Sherwin Rosen, the economist who coined the term “superstar economics”, ended his 1981 paper on the rising returns to sports stars, artists and even big-name lawyers and doctors with the question: “What changes in the future will be wrought by cable, video cassettes and home computers?” The answer is: an even more pronounced shift towards inequality.

The Rowling case is a perfect test of superstar economics versus the long tail, since we now know the sales of precisely the same work, produced by two different authors. The result is startling: The Cuckoo’s Calling sold only about 450 copies in UK hardback under Galbraith’s name after it was published in April but quickly became the top seller on Amazon once it was known to be a Rowling novel.

This raises the question of whether talent is the driving force in superstar economics, as Marshall had it, or brand recognition. By definition, The Cuckoo’s Calling was not written by a more talented author simply because the author’s name changed. The superstar is someone whose name is sufficient to cut through the increasing clutter of rivals and newcomers.

Kate Mills, fiction editor at Orion Publishing in the UK, admitted on Twitter that she turned down The Cuckoo’s Calling when it was submitted because “new crime novels are so hard to launch right now”. She might wish she had had a crystal ball but she was right. Although it gained some good reviews and sold as many in various formats including audiobook, as the first Harry Potter book did in a similar period when Ms Rowling was still unknown, it was a slow burn.

The decline of book chains such as Barnes & Noble and Borders makes it harder for publishers to exercise distribution power by pushing their favoured titles through marketing incentives. Rather than broadening their range, it has made them warier of taking risks on new authors on whom they will probably lose money. As their margins shrink and they face more competition, they rely more heavily on stars.

Indeed, there is less of a need for publishers to experiment. In a world of mass self-publishing, they can wait to find out what works – Fifty Shades of Grey being a prime example – before they sign up an author (the erotic trilogy topped the New York Times best-seller list as an e-book before landing a lucrative deal with Random House). The industry is bifurcating into the self-published minor leagues and the major leagues to which only those who have already proved themselves are recruited.

Music labels and book publishers traditionally used their privileged position to act like venture capitalists – making a number of bets on new acts, knowing that only a few would succeed. In their own way, they levelled out the payments to stars and unknowns by experimentally over-investing in innovative startups.
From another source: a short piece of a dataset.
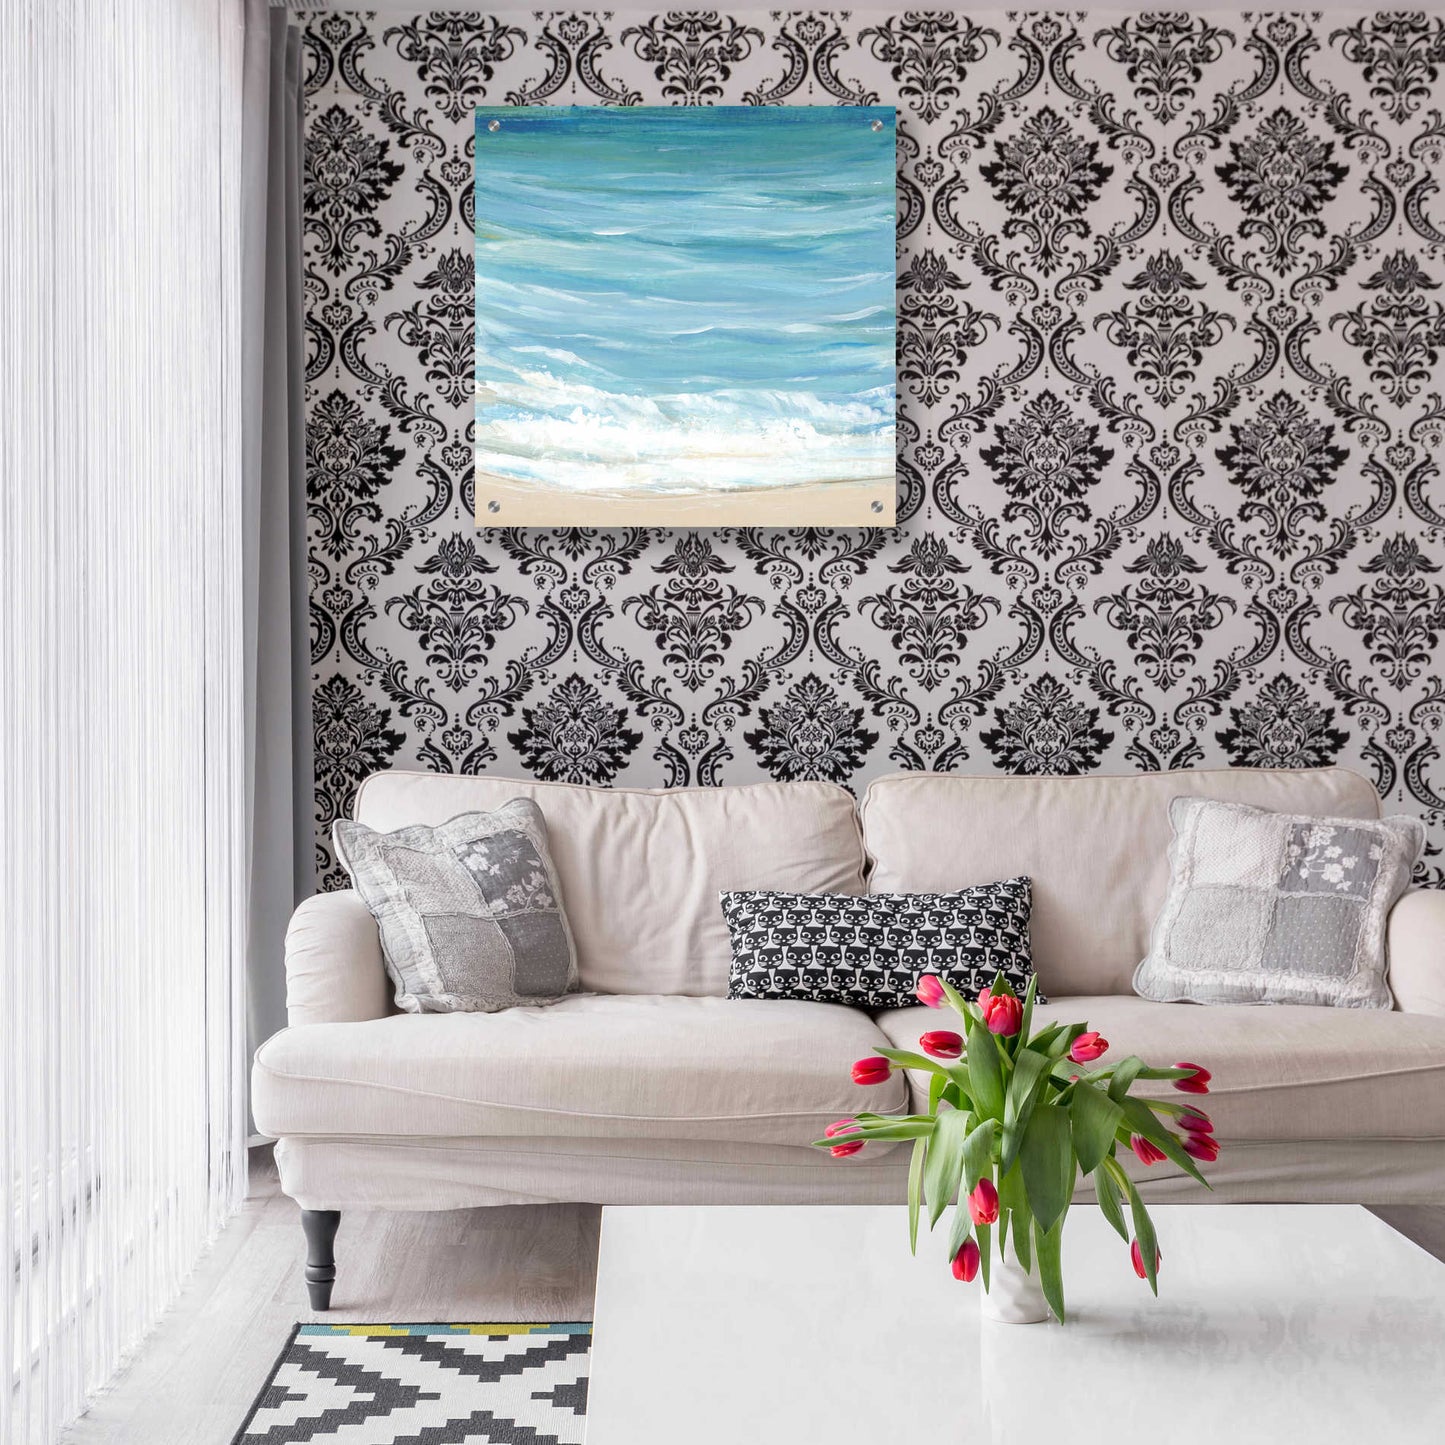 Epic Art 'Sea Breeze Coast I' by Tim O'Toole, Acrylic Glass Wall Art,24x24

The digital era is less protected. Mr Godrich believes Spotify’s royalties to minor artists are “just not right” – it pays a tiny amount each time a song is streamed so a band has to be very popular before it makes much money. But the way in which it splits the royalty pool is arguably fairer than in the old world, because each artist is rewarded on actual performance.

Mr Anderson believed the 80/20 rule would “lose its bite” in the digital world because sales would be allocated more evenly between hits and niche products, and artists could make a bigger profit on fewer sales as distribution costs fell. In practice, the outcome is highly meritocratic and extremely unequal.

It is early to declare, in the words of internet entrepreneur David Galbraith (no relation to Robert), that “the long tail is wrong”. But superstar economics are thriving – just ask Ms Rowling.